The department asserts Code of Civil Procedure section 909 supports its position. That provision states: “In all cases where trial by jury is not a matter of right or where trial by jury has been waived, the reviewing court may make factual determinations contrary to or in addition to those made by the trial court. The factual determinations may be based on the evidence adduced before the trial court either with or without the taking of evidence by the reviewing court. The reviewing court may for the purpose of making the factual determinations or for any other purpose in the interests of justice, take additional evidence of or concerning facts occurring at any time prior to the decision of the appeal, and may give or direct the entry of any judgment or order and may make any further or other order as the case may require. This section shall be liberally construed to the end among others that, where feasible, causes may be finally disposed of by a single appeal and without further proceedings in the trial court except where in the interests of justice a new trial is required on some or all of the issues.”

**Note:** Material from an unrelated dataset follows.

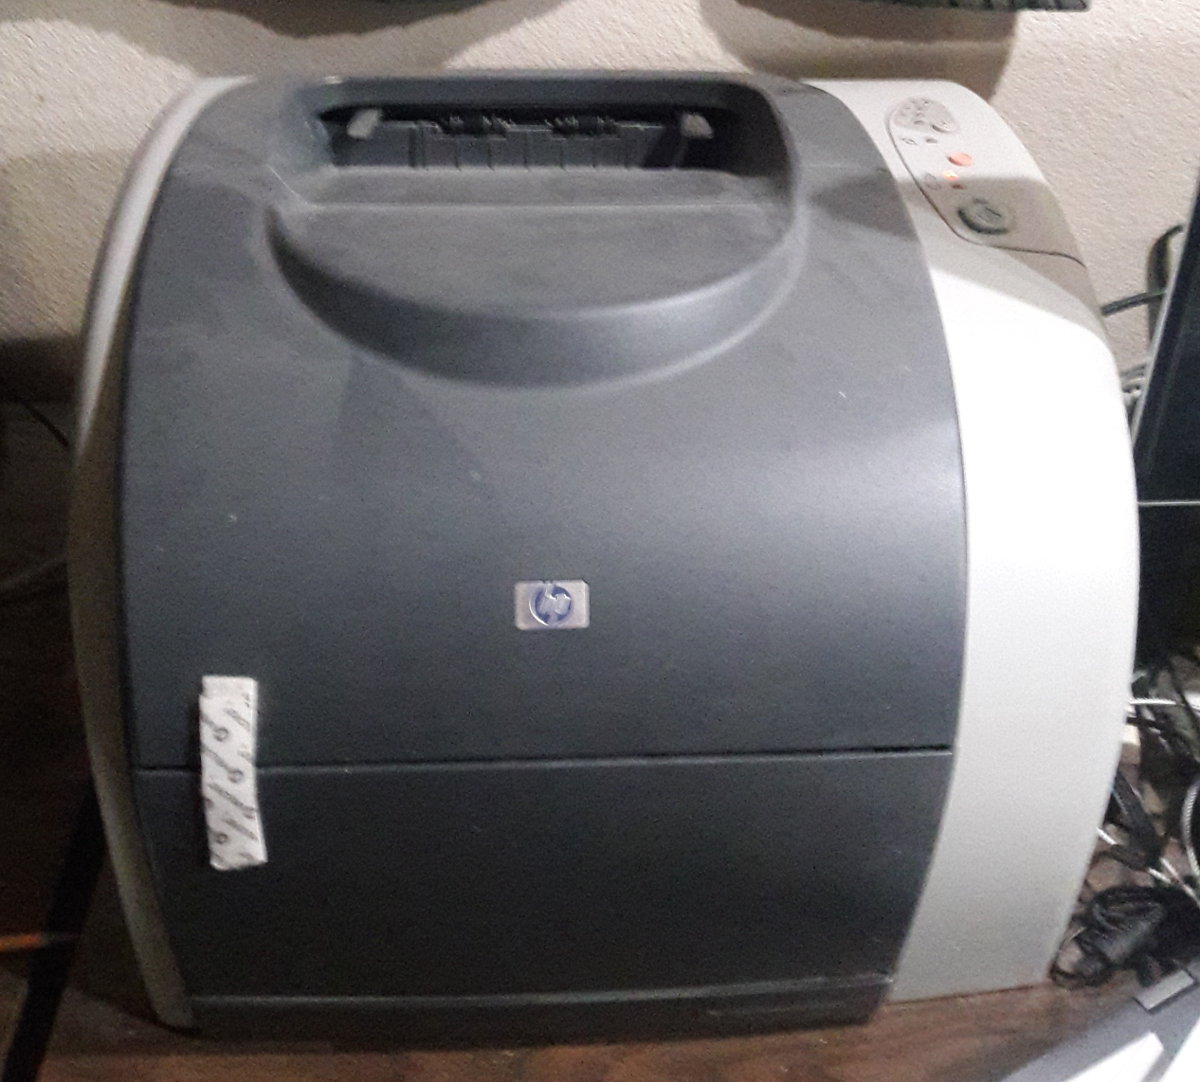 A picture of my old dinosaur printer, also from HP (an L2550 color laser printer)

We cautioned in Zeth S. that, although this provision generally authorizes appellate courts to make factual determinations in nonjury cases, such authority “ ‘should be exercised sparingly,’ ” and “ ‘[a]bsent exceptional circumstances, no such findings should be made.’ ” (Zeth S., supra, 31 Cal.4th at p. 405, quoting Tyrone v. Kelley (1973) 9 Cal.3d 1, 13, italics omitted.) As one court observed, “claims of error under ICWA are not rare and will not typically present the type of exceptional circumstances warranting deviation from the general rule” that appellate courts should not engage in factfinding. (In re K.H., supra, 84 Cal.App.5th at p. 612.) Indeed, if we accept the department’s position, it is unclear how it could be cabined to the ICWA context, as it would seem to countenance appellate courts’ receipt of new evidence in any case involving harmless error review, making consideration of such evidence routine rather than exceptional. Cases have properly rejected application of Code of Civil Procedure section 909 to an appellate inquiry of whether ICWA was properly complied with. (See In re E.C., supra, 85 Cal.App.5th at p. 135; In re G.H., supra, 84 Cal.App.5th at pp. 32–33; Ricky R., supra, 82 Cal.App.5th at p. 682.)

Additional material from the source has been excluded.